La coopération avec le FBI dans les cas de crime financier n’est pas optionnelle : elle est réglementée par des accords internationaux et sa manipulation peut entraîner des sanctions graves. Tenter d’« accompagner » la remise d’informations avec une lettre politique, en échange d’argent, serait interprété comme une tentative d’influencer indûment une procédure fédérale.
Au-delà de sa témérité, la proposition révèle une mentalité profondément erronée : celle de ceux qui croient que les problèmes légaux se résolvent avec de l’argent et de la diplomatie, au lieu de la transparence et de la vérité.
L’audio clarifie les choses
Le Vatican savait que le FBI enquêtait sur un présumé blanchiment d’argent et, au lieu de collaborer pleinement, l’un de ses fonctionnaires a proposé une stratégie qui mélangeait des paiements à des tiers pour altérer le ton de cette coopération.
En termes juridiques, cela s’appelle obstruction.

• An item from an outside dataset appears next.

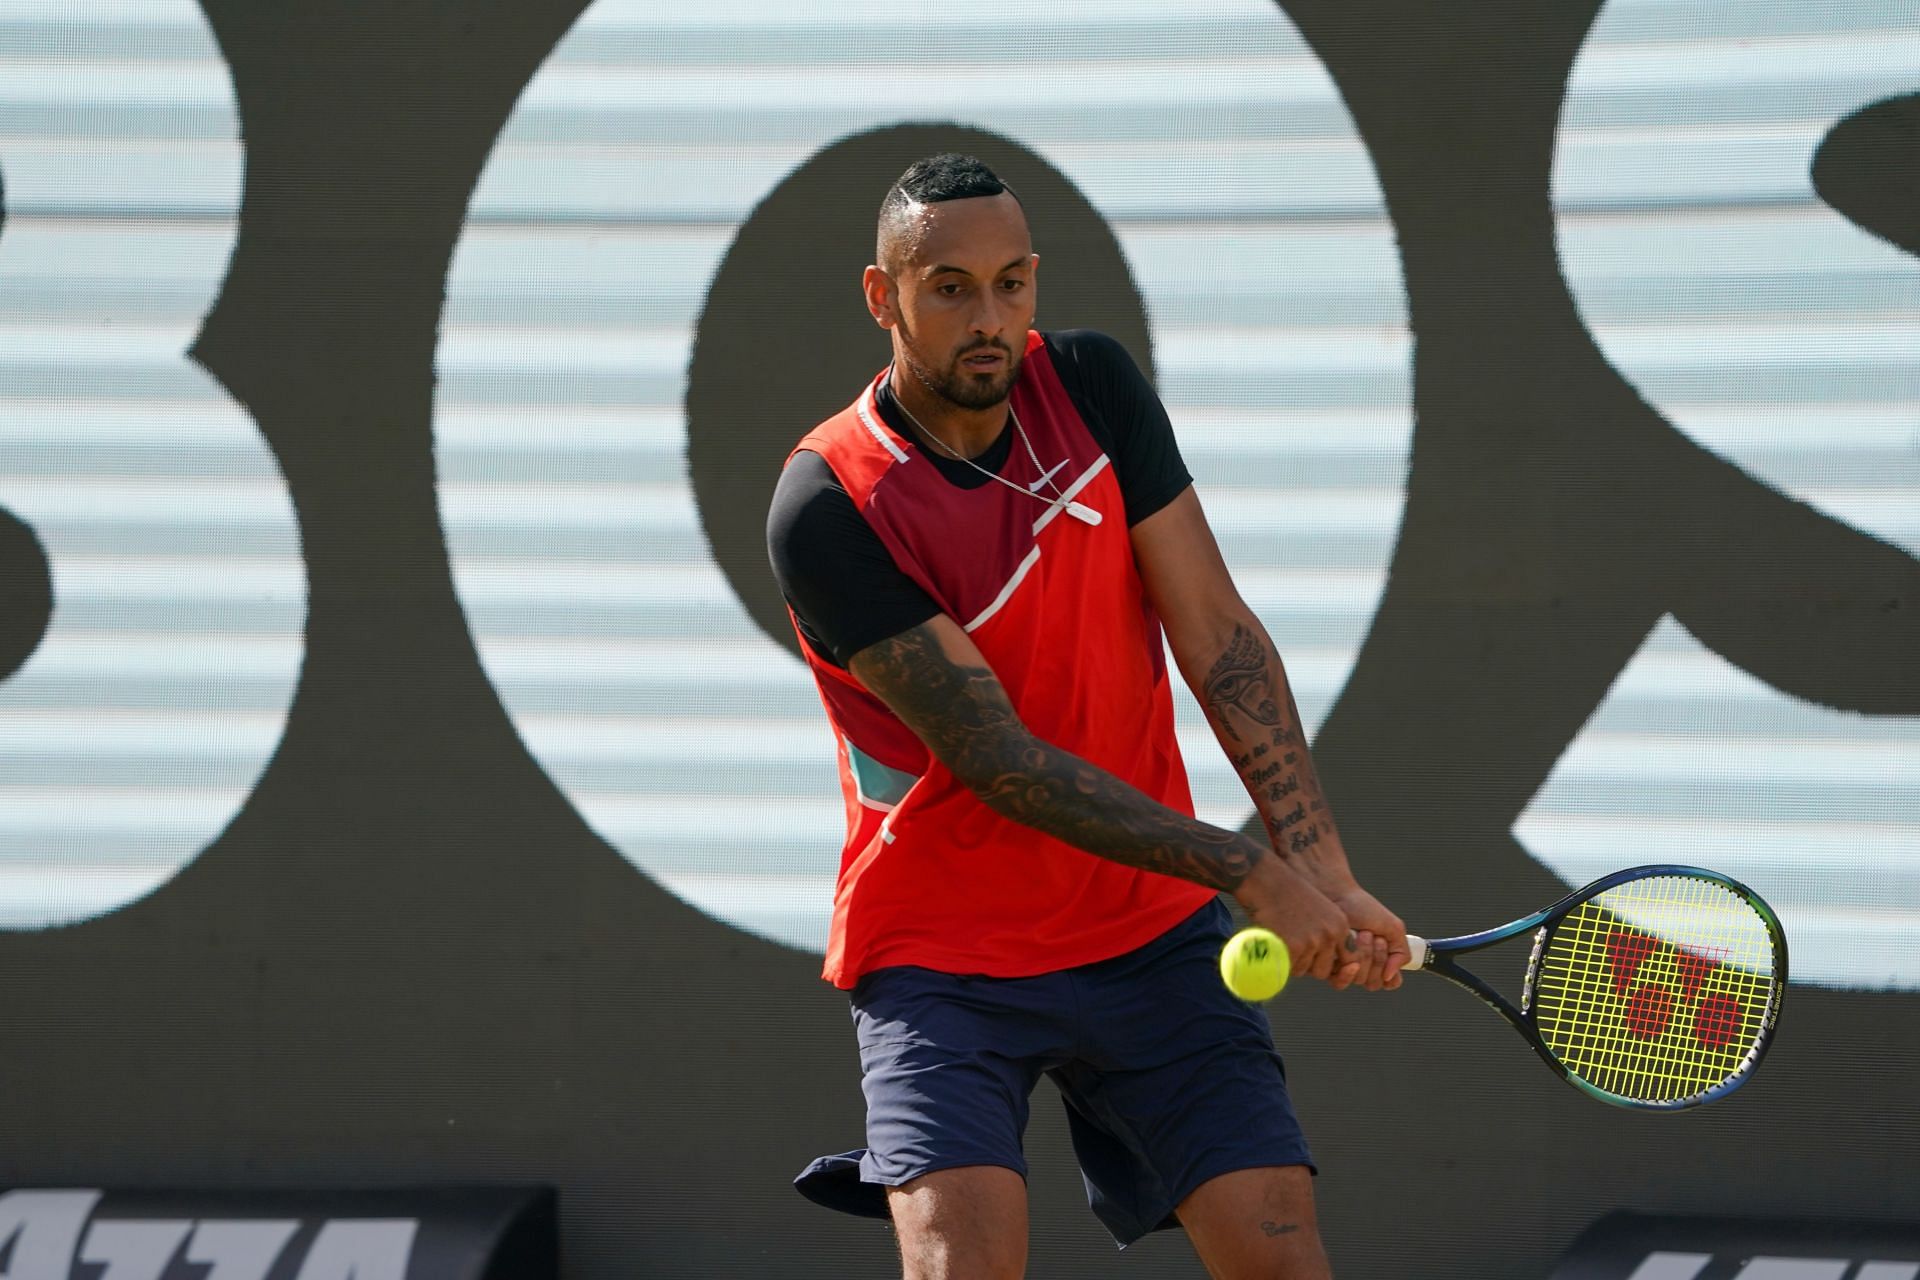 Nick Kyrgios also touched on his goals for the 2022 season
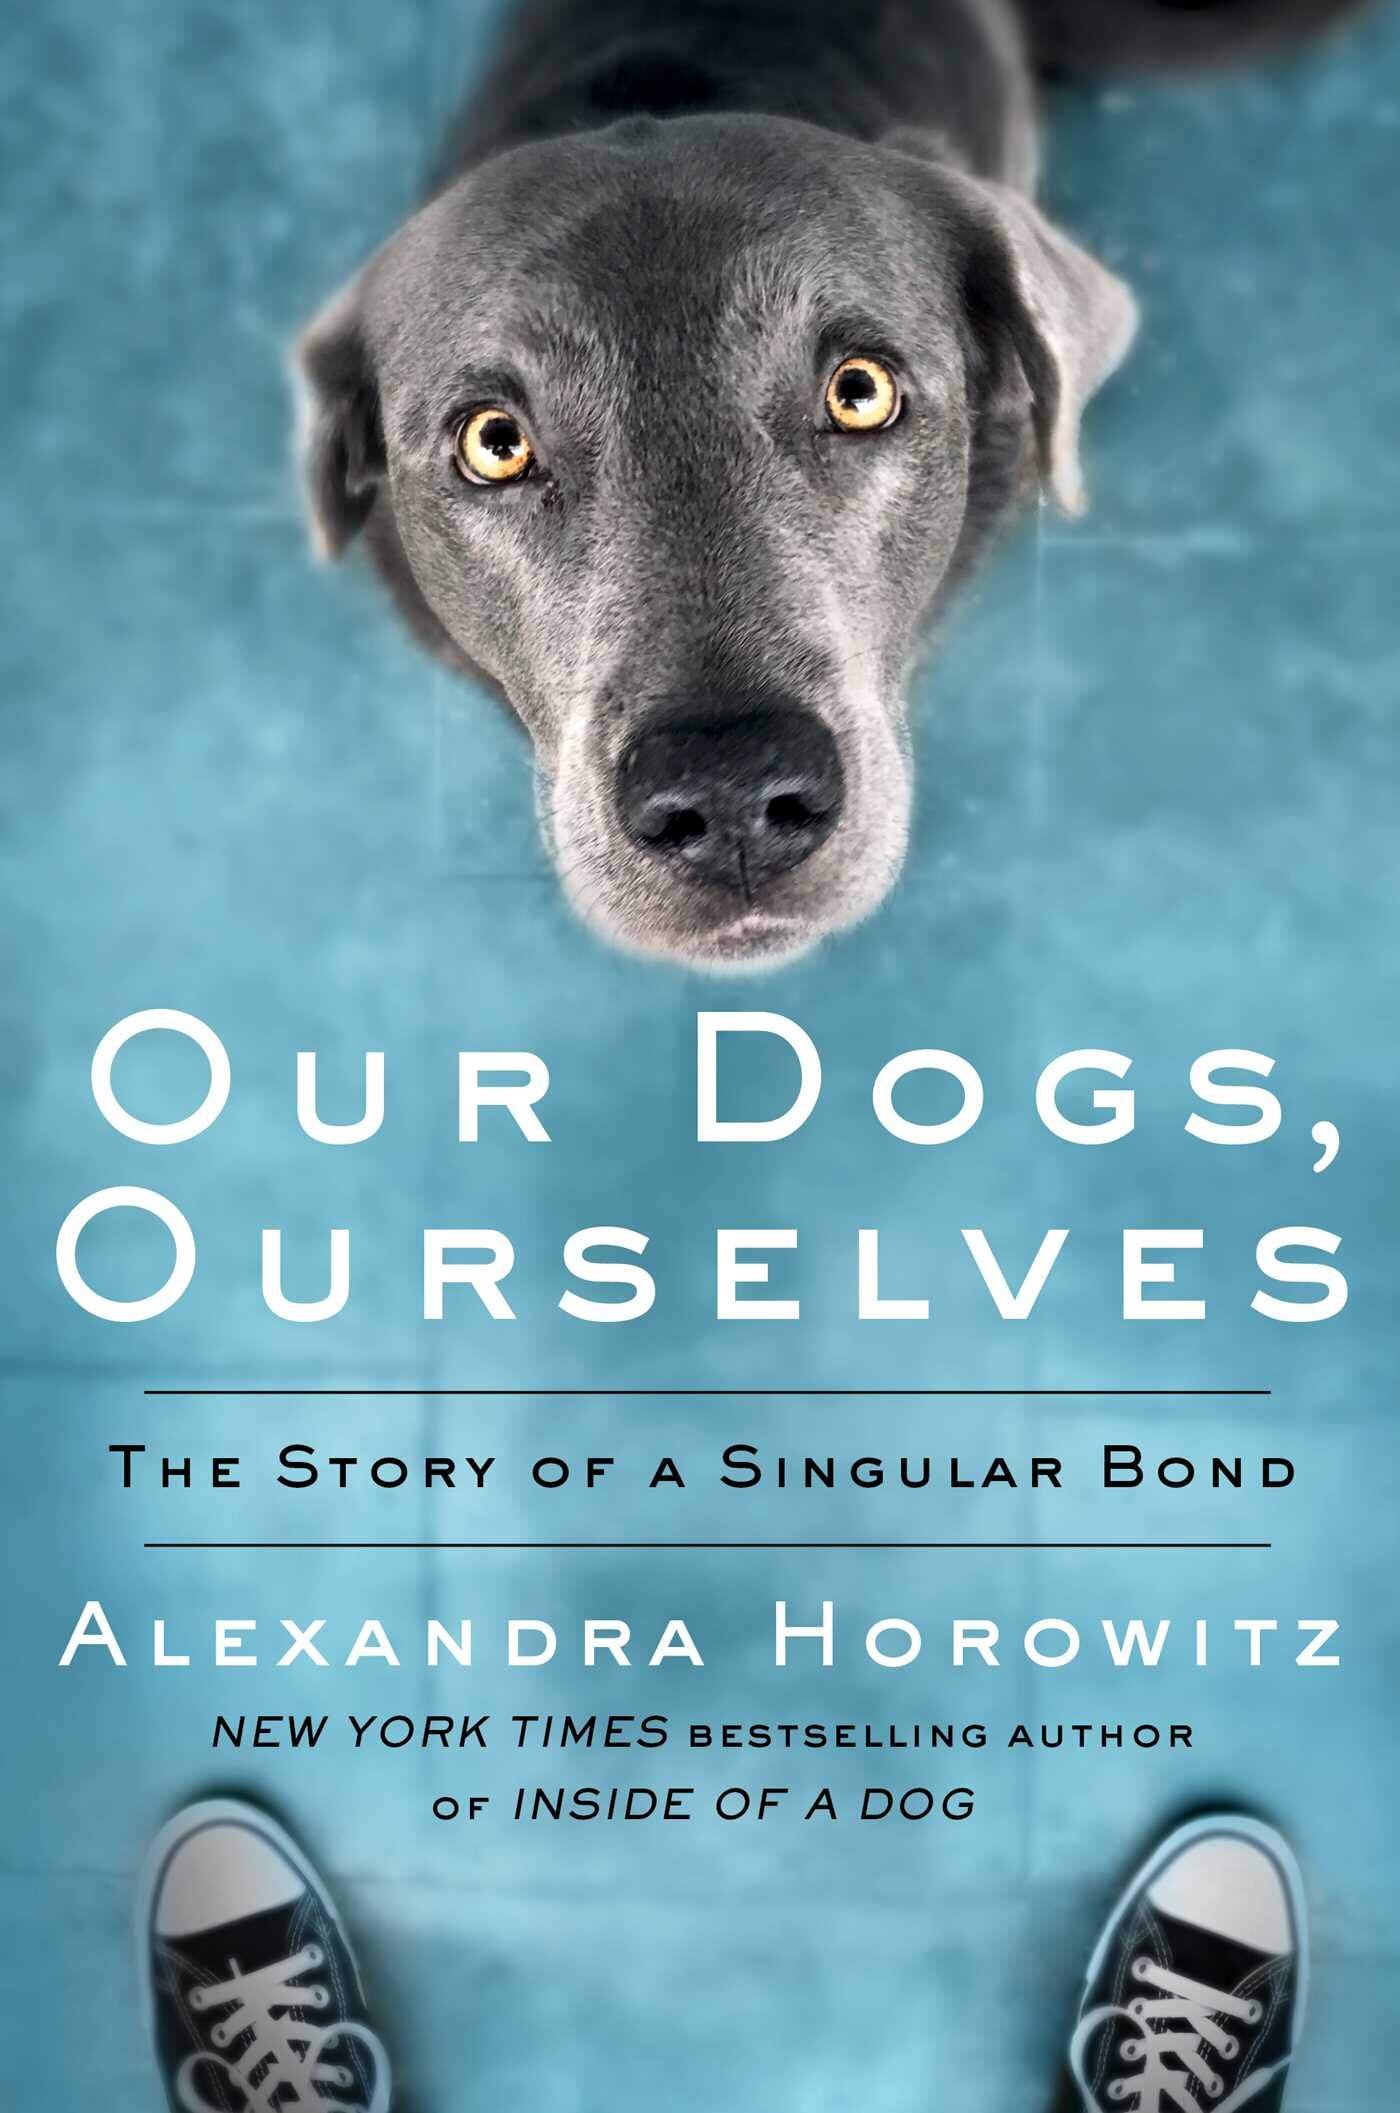 Nature Out Dogs, Ourselves The Story of Singular Bond by Alexandra Horowitz.jpg

En termes moraux, encerclement. Et dans les deux cas, c’est inadmissible.
Conditionner la remise d’informations au FBI à des transferts d’argent, même sous forme de dons ou de compensations, est un acte qui frôle le délit fédéral.
Ni la charité ni les réparations ne remplacent la justice.
Le Vatican ne peut pas « accompagner » une enquête criminelle avec des lettres diplomatiques ni « résoudre » un blanchiment d’argent avec des aumônes. S’il y a blanchiment d’argent, on ne le guérit pas avec des dons, on l’affronte avec transparence et collaboration.
L’audio publié aujourd’hui par Infovaticana démontre, avec les propres paroles d’un officiel de la Doctrine de la Foi, jusqu’à quel point la plomberie bergoglienne du Saint-Siège avait oublié cette distinction élémentaire.
L’ironie, malheureusement, s’écrit d’elle-même. Parce que tout cela se sait précisément à la veille de l’arrivée de Jordi Bertomeu à Madrid pour pontifier demain sur les « bonnes pratiques » et la « gestion des abus sexuels » lors d’une journée organisée comme si rien de tout cela n’existait. Que celui qui, en privé, propose des formules qui frôlent l’obstruction à la justice vienne maintenant donner des leçons publiques de transparence et de responsabilité institutionnelle ne relève pas seulement du choc : cela révèle l’abîme entre le discours officiel et la réalité montrée par ses propres paroles. Et cela transforme sa visite en un rappel inconfortable de jusqu’à quel point le Saint-Siège a normalisé une culture de contrôle des dommages déguisée en zèle pastoral.